▶ Description of the task
Give the data again exactly, without its images.
Source data Start Marker
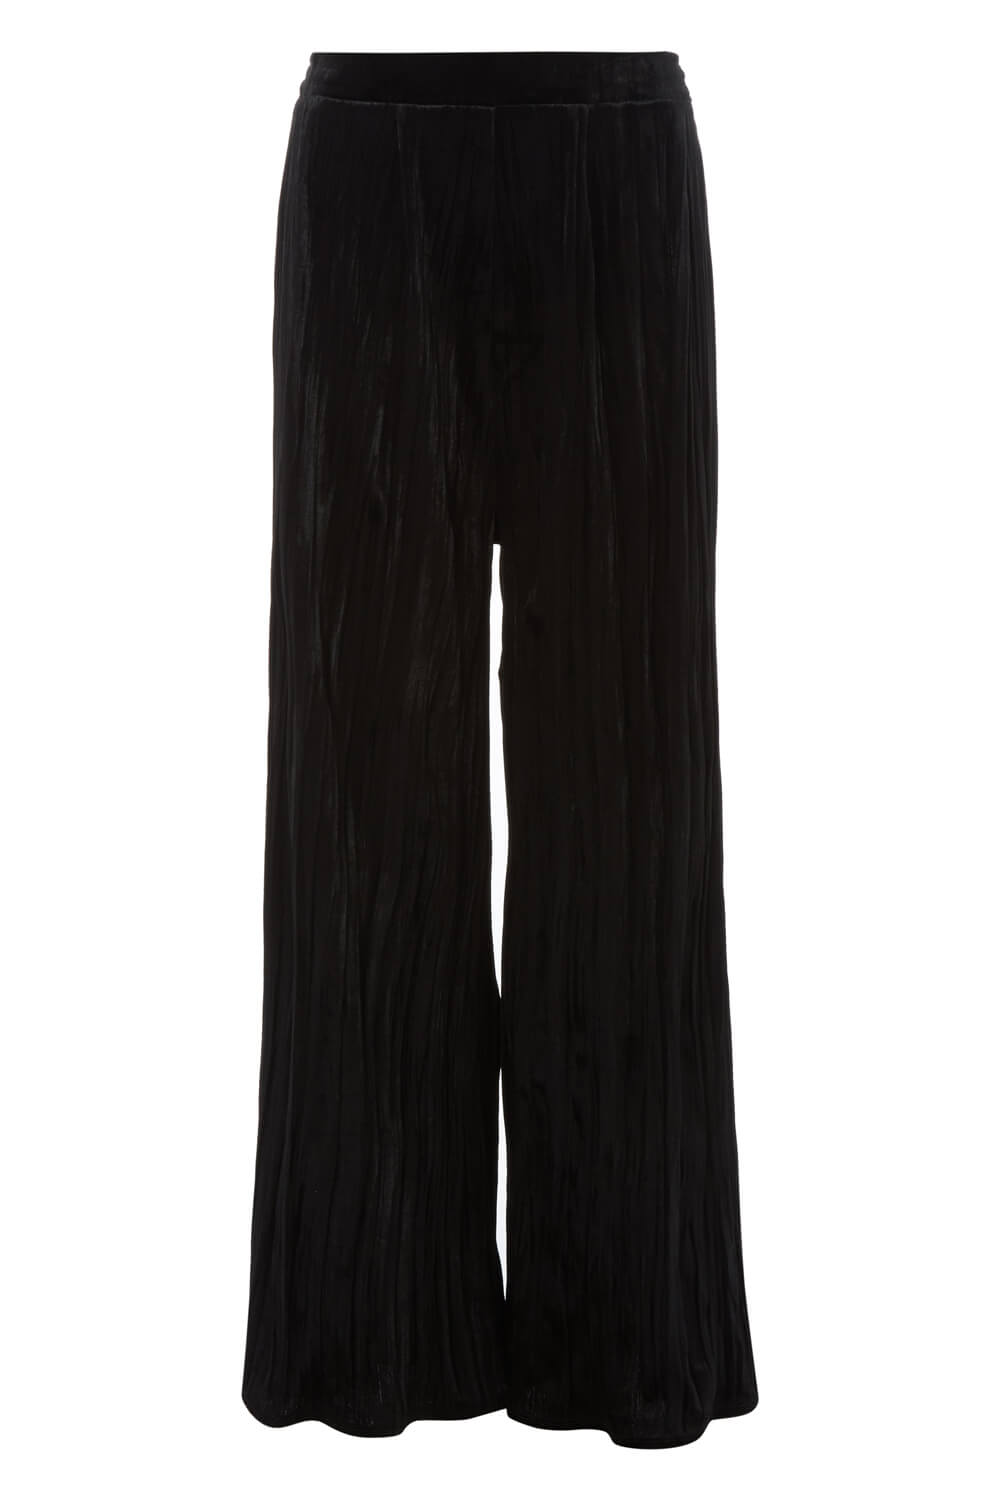 Black Crushed Velour Palazzo Trousers, Image 4 of 4
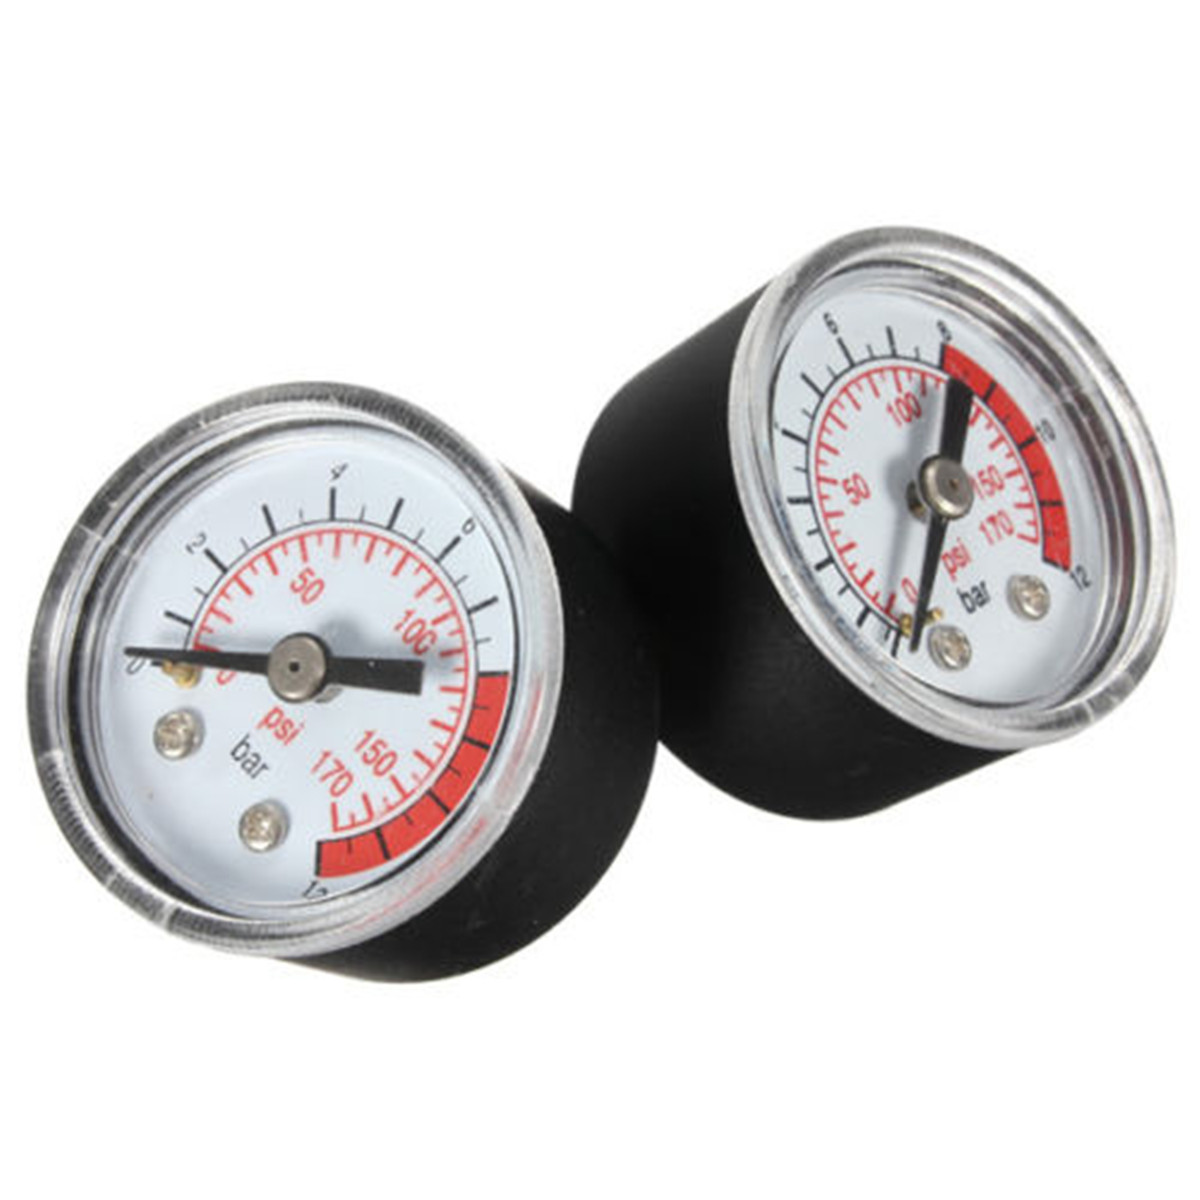 Find Regulator Air Compressor Pump Pressure Control Switch Valve Gauge Heaty Duty for Sale on Gipsybee.com with cryptocurrencies
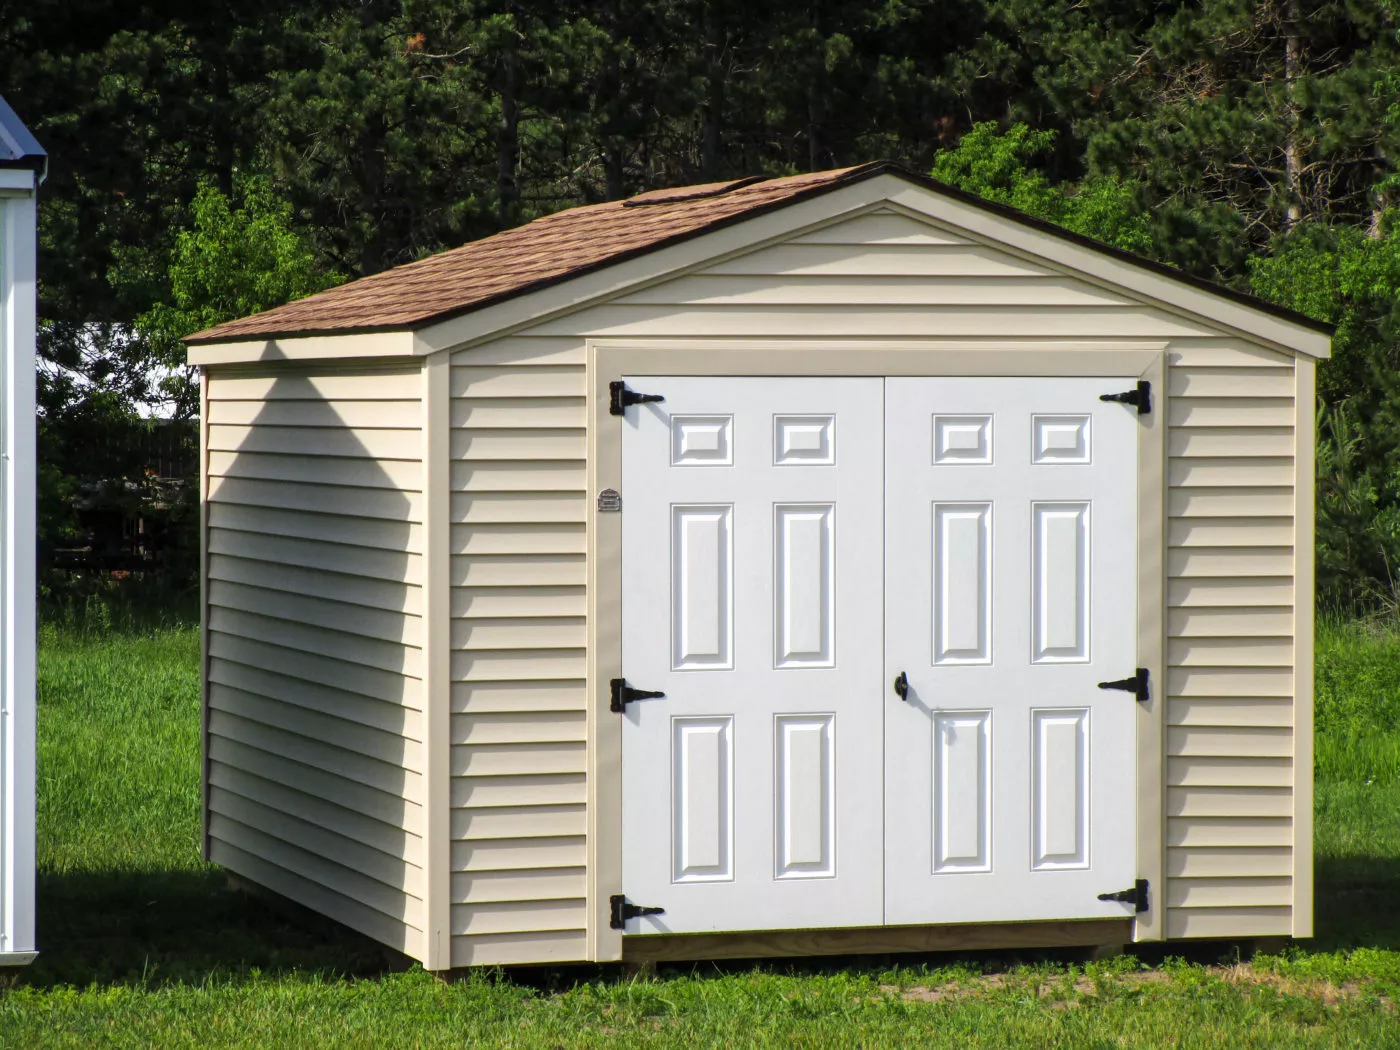 Utility Sheds For Sale In Sears, Michigan
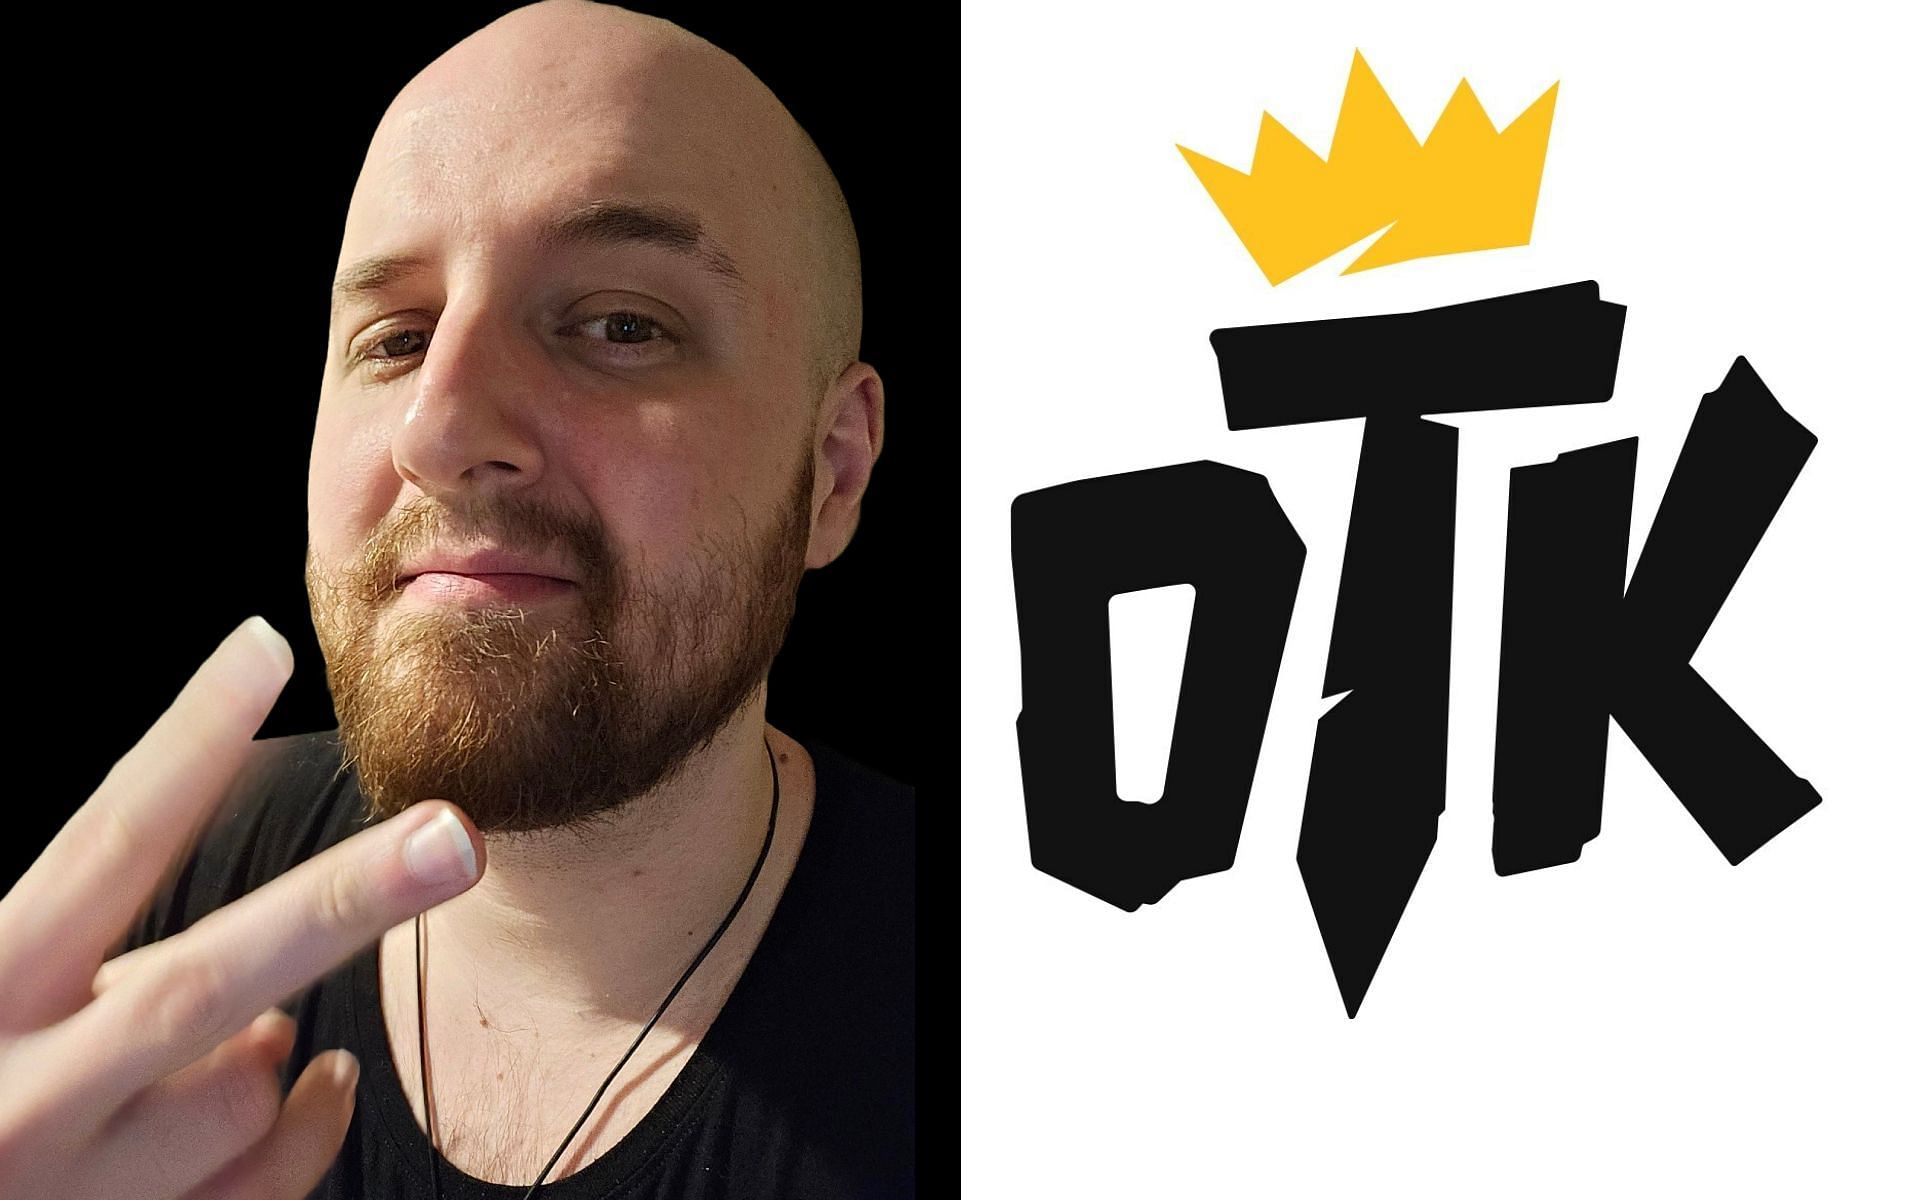 Twitch streamer Tectone claims joining OTK put him in debt (Image via Tectone/X and otknetwork.com)
Source data End Marker
▶ Exercise result
 Black Crushed Velour Palazzo Trousers, Image 4 of 4
 Find Regulator Air Compressor Pump Pressure Control Switch Valve Gauge Heaty Duty for Sale on Gipsybee.com with cryptocurrencies
 Utility Sheds For Sale In Sears, Michigan
 Twitch streamer Tectone claims joining OTK put him in debt (Image via Tectone/X and otknetwork.com)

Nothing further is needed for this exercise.